Return, from the listing that follows, each line containing the word "home".

## Data section
· · · · · · ·

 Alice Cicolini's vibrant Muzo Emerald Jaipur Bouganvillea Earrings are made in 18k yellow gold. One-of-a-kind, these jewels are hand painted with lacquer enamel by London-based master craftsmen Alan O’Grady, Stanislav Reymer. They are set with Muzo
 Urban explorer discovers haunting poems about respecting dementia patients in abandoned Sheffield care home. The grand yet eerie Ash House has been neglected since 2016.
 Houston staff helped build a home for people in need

· · · · · · ·

## Answer
 Urban explorer discovers haunting poems about respecting dementia patients in abandoned Sheffield care home. The grand yet eerie Ash House has been neglected since 2016.
 Houston staff helped build a home for people in need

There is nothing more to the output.